The one and only request is to do something like prepending the kind info to the labels behind the scenes when doing a query, so that they are included into the fuzzy search as if they were added via symbol transformation.

With regards to my screenshot it would mean to at least treat those items when fuzzy searching as if their label would be:

class: bar type: bar function: bar namespace: bar

Hope this makes sense.

Fuzzy search would automatically filter all classes when typing c: or class: even though it is not visible in a label. Or I could type c: f to shorten the list to all classes beginning with f. etc.

I don't want another panel, nor do I want a plugin for it. Just a tweak to the way fuzzy search works in case of presence of kind info. It should prepend the "long name" as the icon may be any unicode code point which can't be easily typed.
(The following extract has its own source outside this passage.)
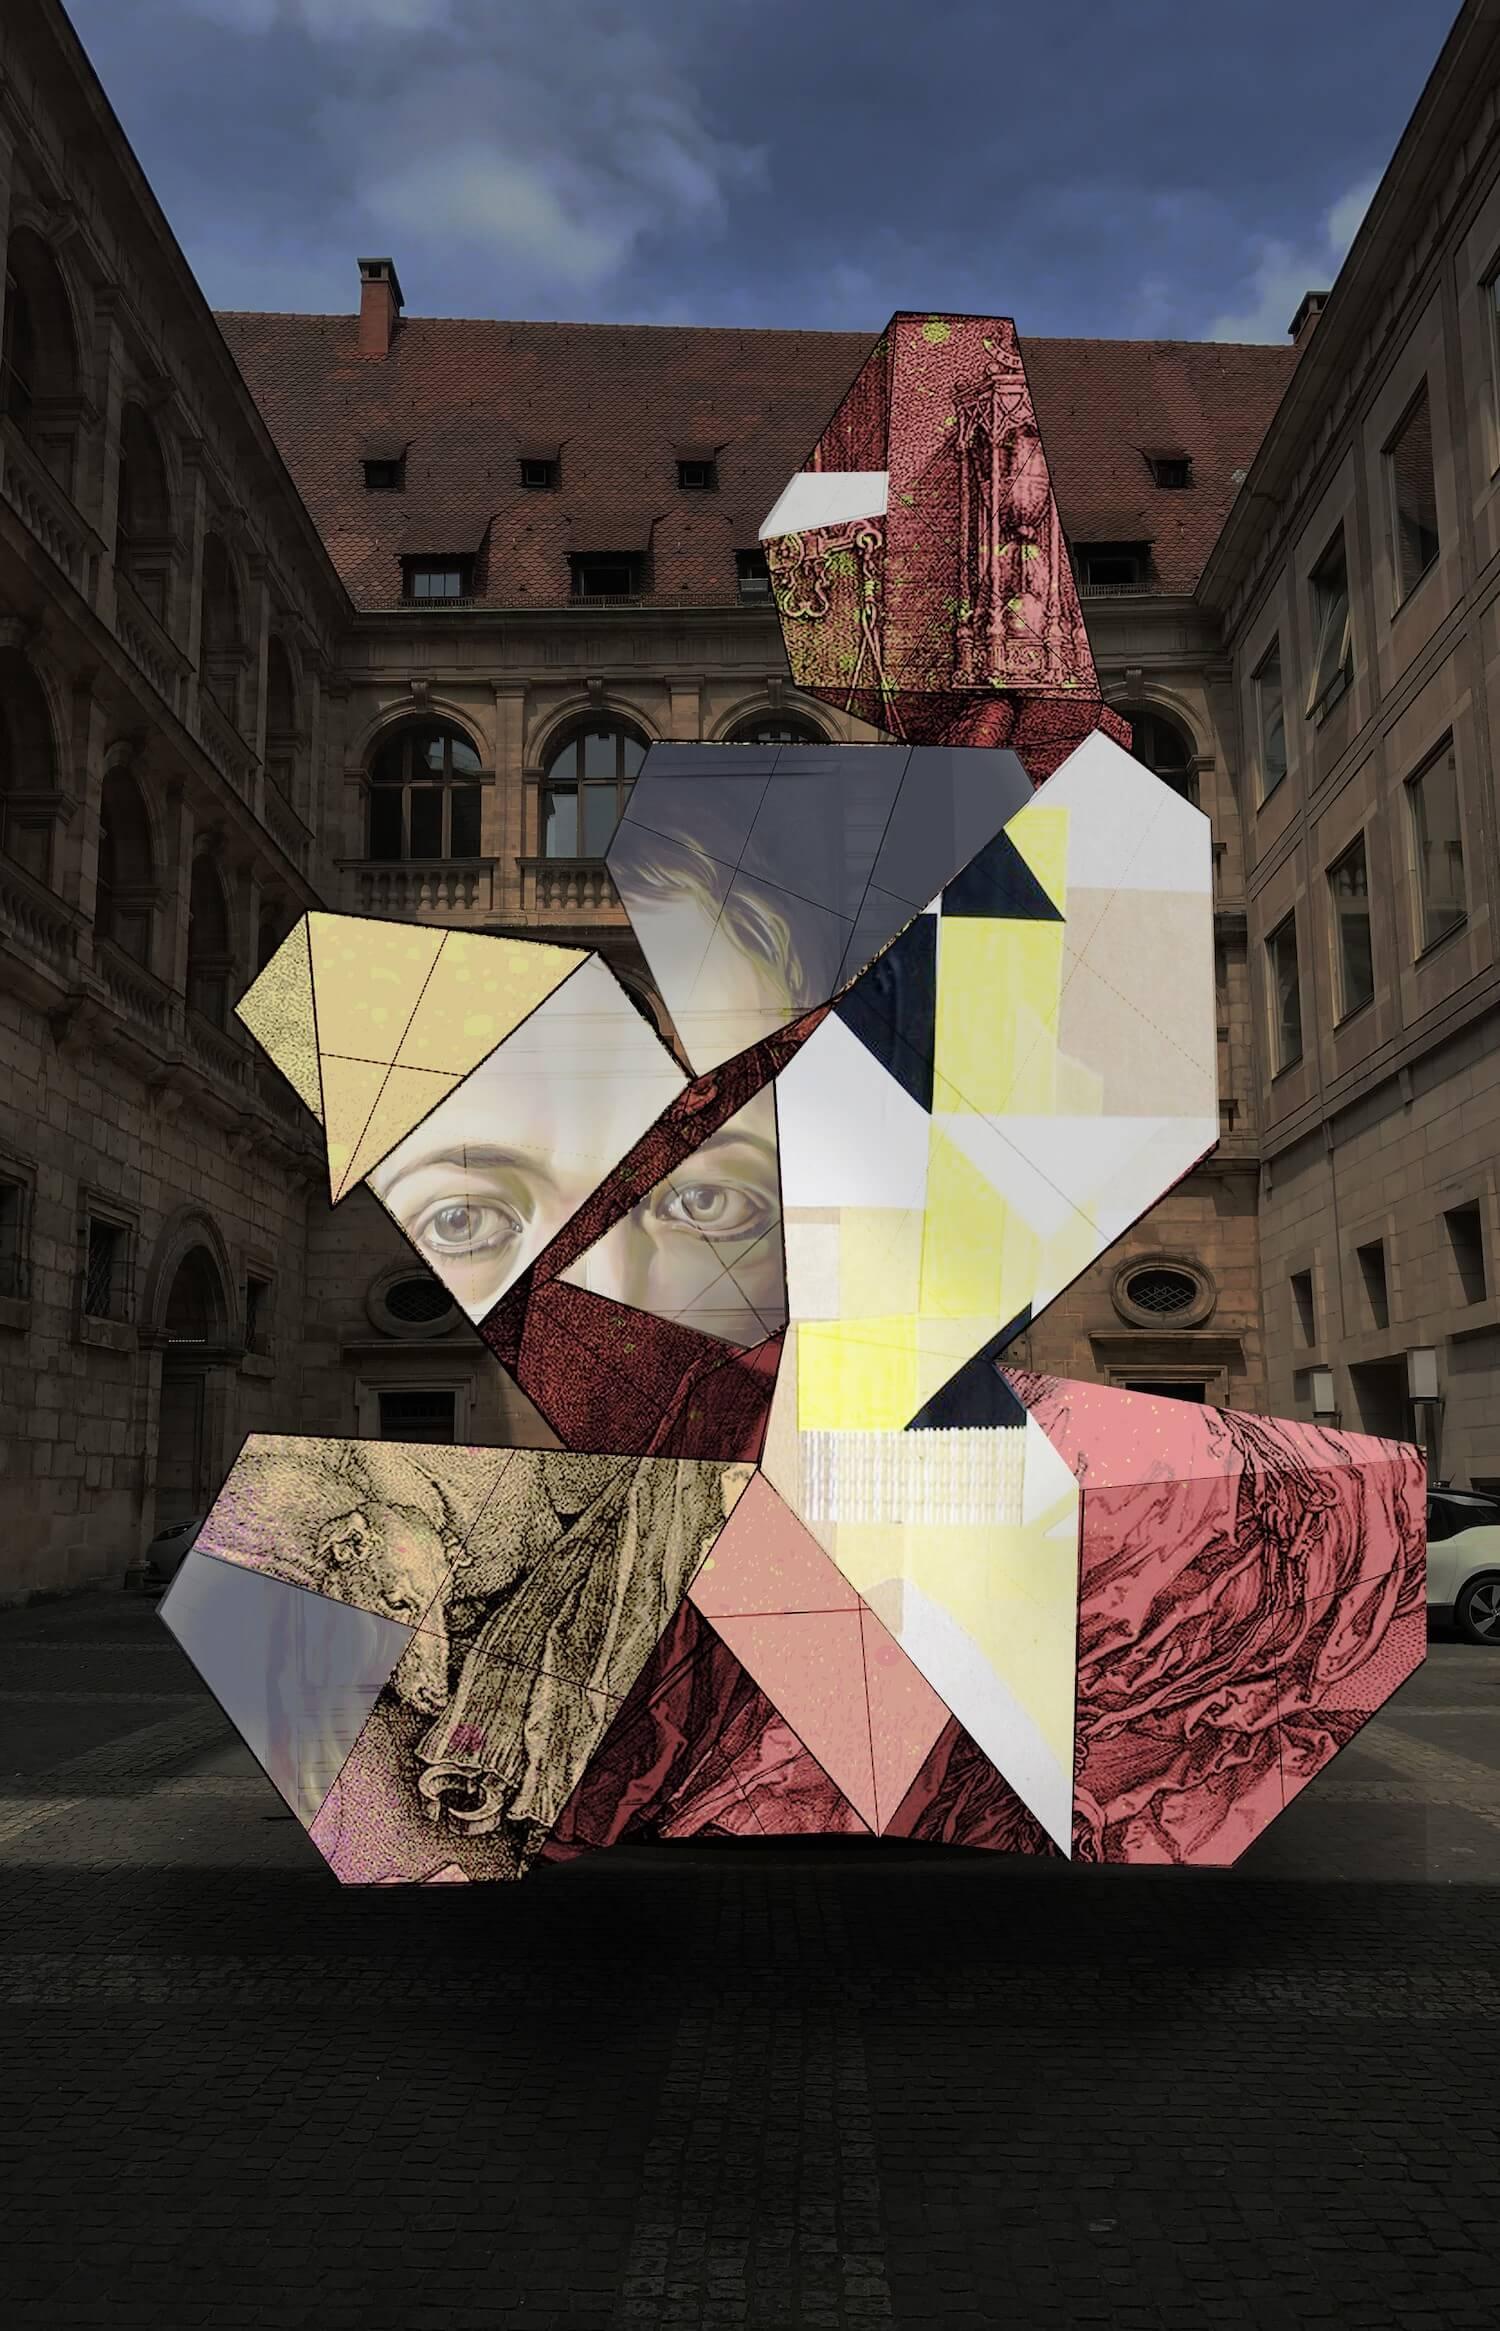 Im Innenhof: Kunstprojekt Kupferstich vs. Urban Art von Julian Vogel und Benedikt Buchmüller (Grafik: Julian Vogel)

Overall I appriciate your dumps and fully understand if that is something for the future.

Basically this issue is a dump of my thoughts about the new kind info without symbol transformation situation, too. It just came up, as I found the type prefixes useful in Erlang, when doing the rewrite. Some still exist ;-) Removing them feels like a step backward. That's the reason for opening this issue up.

It just have a feeling it may be considered to probably be relevant for some guyes.

wbond commented 3 years ago

At a high level, I’m personally not keen on the idea of trying to build a pseudo query language into the fuzzy input panels. I feel like having them as separate steps would be easier to implement and easier for users to reason about.

deathaxe commented 3 years ago

Just had the search functionality of Sublime Merge in mind when thinking about that, but I haven't done any case studies to say what a good solution would look like. I guess we just might need a way to further filter a list like in the initial screenshot, when a huge project with multiple languages may return a huge list of symbols. These are situations filtering for kind and/or syntax might be useful somehow.